Dr. Armon noted that a similar 2008 genome study by researchers at Massachusetts General Hospital's Institute of Neurodegeneration (MGH-MIND), published in the journal Neuroscience Letters, suggests that the mutation may have originated in Asia. That study, which also involved North American patients with SOD1 A4V ALS, identified a shared common conserved haplotype near the A4V mutation and was statistically more like Asian samples (Chinese and Japanese) than those from Europeans.

According to the MGH-MIND paper, the Asian mutation originated 540 generations, or roughly 12,000 years, ago. Thus the A4V mutation may have been carried to North America by the forebears of Native Americans when they migrated across the Bering Strait, according to Dr.
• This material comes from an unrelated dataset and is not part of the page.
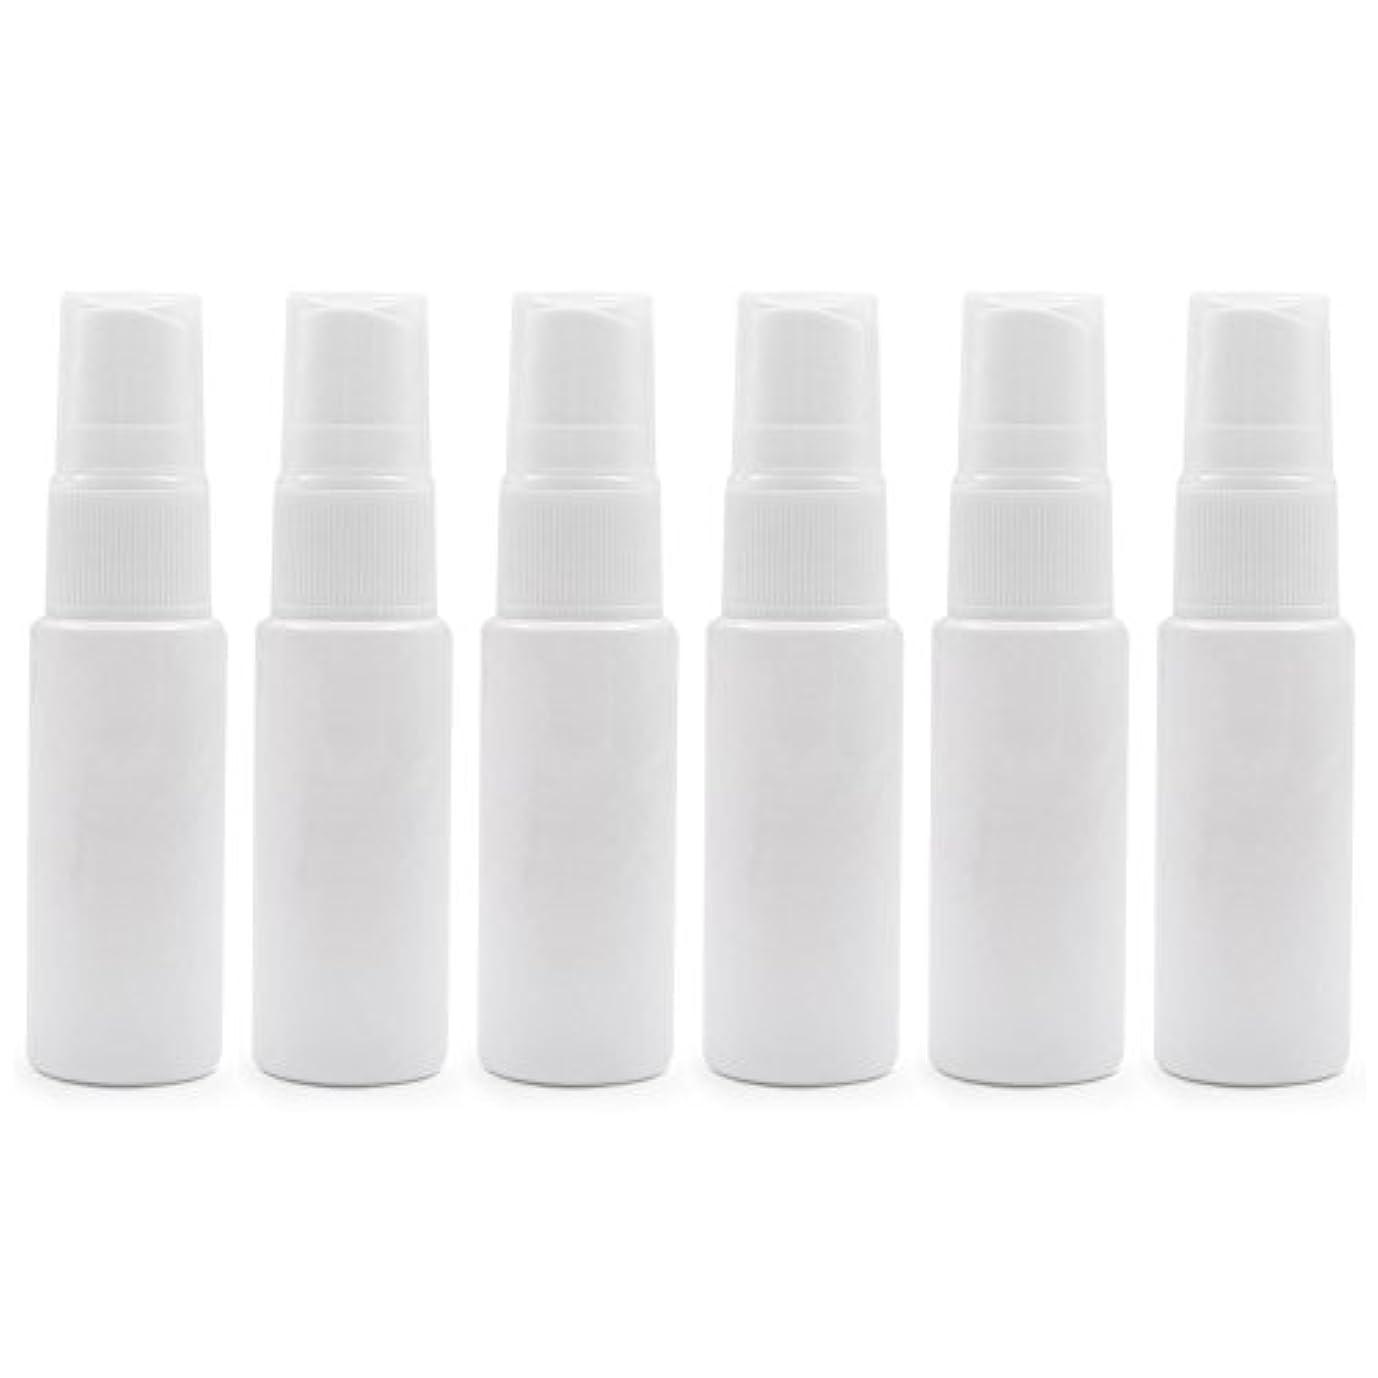 終わりクーポン活発6 PCS Aspire透明プラスチックスプレーボトル 旅行 クリーニング エッセンシャルオイル マウスウォッシュ 香水(10ml 20ml)のための携帯用詰め替え可能な香水瓶スプレー - ホワイト - 10 ml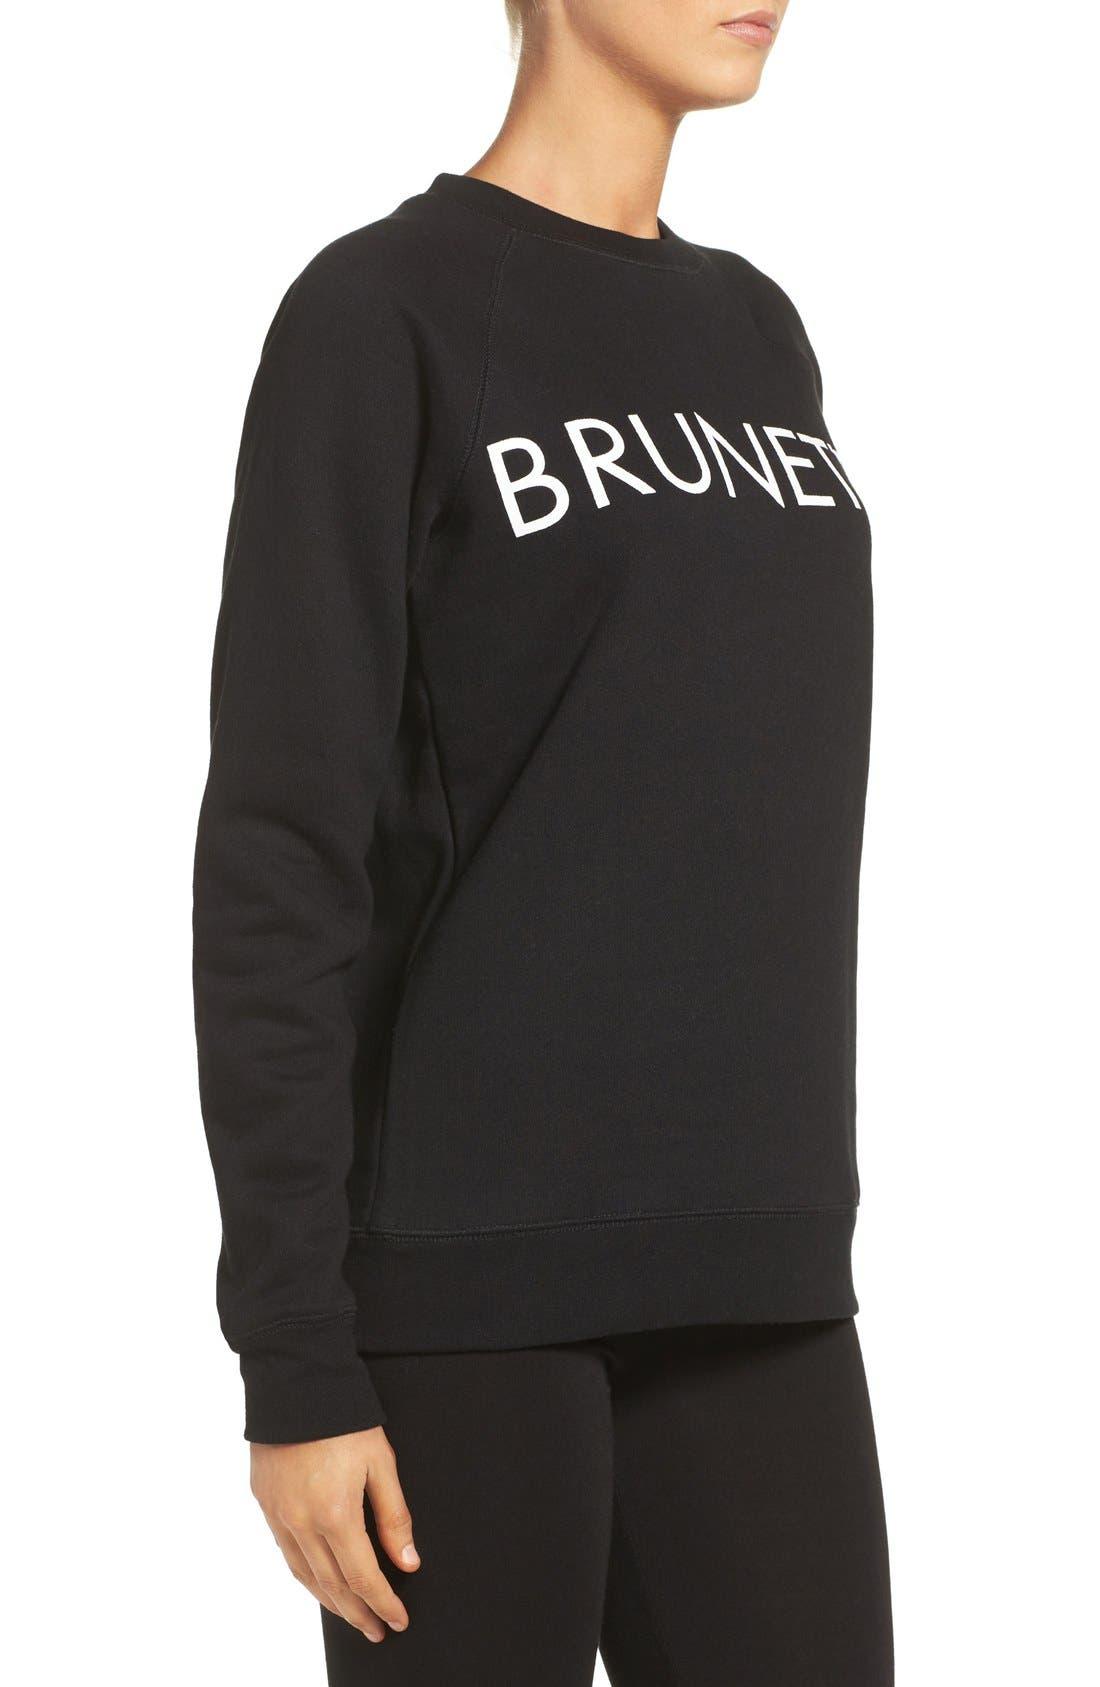 Brunette Crewneck Sweatshirt,                             Alternate thumbnail 10, color,                             001

Armon.

Masanori Nakagawa, MD, professor and chairman of neurology at the Research Institute for Neurological Diseases and Geriatrics of Kyoto University of Medicine in Japan, studies SOD1 A4V mutations in Japanese families with ALS. In 2003, he and his colleagues reported in a Neurology study that while the duration of FALS is relatively consistent for each SOD1 A4V mutation, the rate differs among the different mutations, and that turnover of mutant SOD1 correlated with a shorter disease survival time.

The current paper is interesting, especially because the founder, which accounts for 82 percent of the North American A4V patients, was genetically similar to the Amerindian version, but no ALS patients in their databank of over 500 FALS cases, he told Neurology Today in an e-mail.

Nonetheless, it might be wrong to compare the haplotype in Japanese and North American ALS patients with A4V mutation, because of other genetic differences.

In a 2003 study of SOD1 H46R, another mutation, among large Japanese families in a region of Japan with high rates of FALS, he and his associates confirmed that individuals with FALS with these mutations had uniform initial symptoms and slow progression, with intra-familial variation in severity. Moreover, they discovered that inclusion body formation was not necessary in FALS patients carrying the mutation.

The genetic backgrounds of Amerindians and Japanese may be more similar than in Europeans with FALS, noted Dr. Nakagawa. If the disease is in fact rare among Native Americans, examining genetic differences in SOD1 between Japanese and North American patients with A4V mutation might reveal whether a protective or susceptibility genetic factor is involved.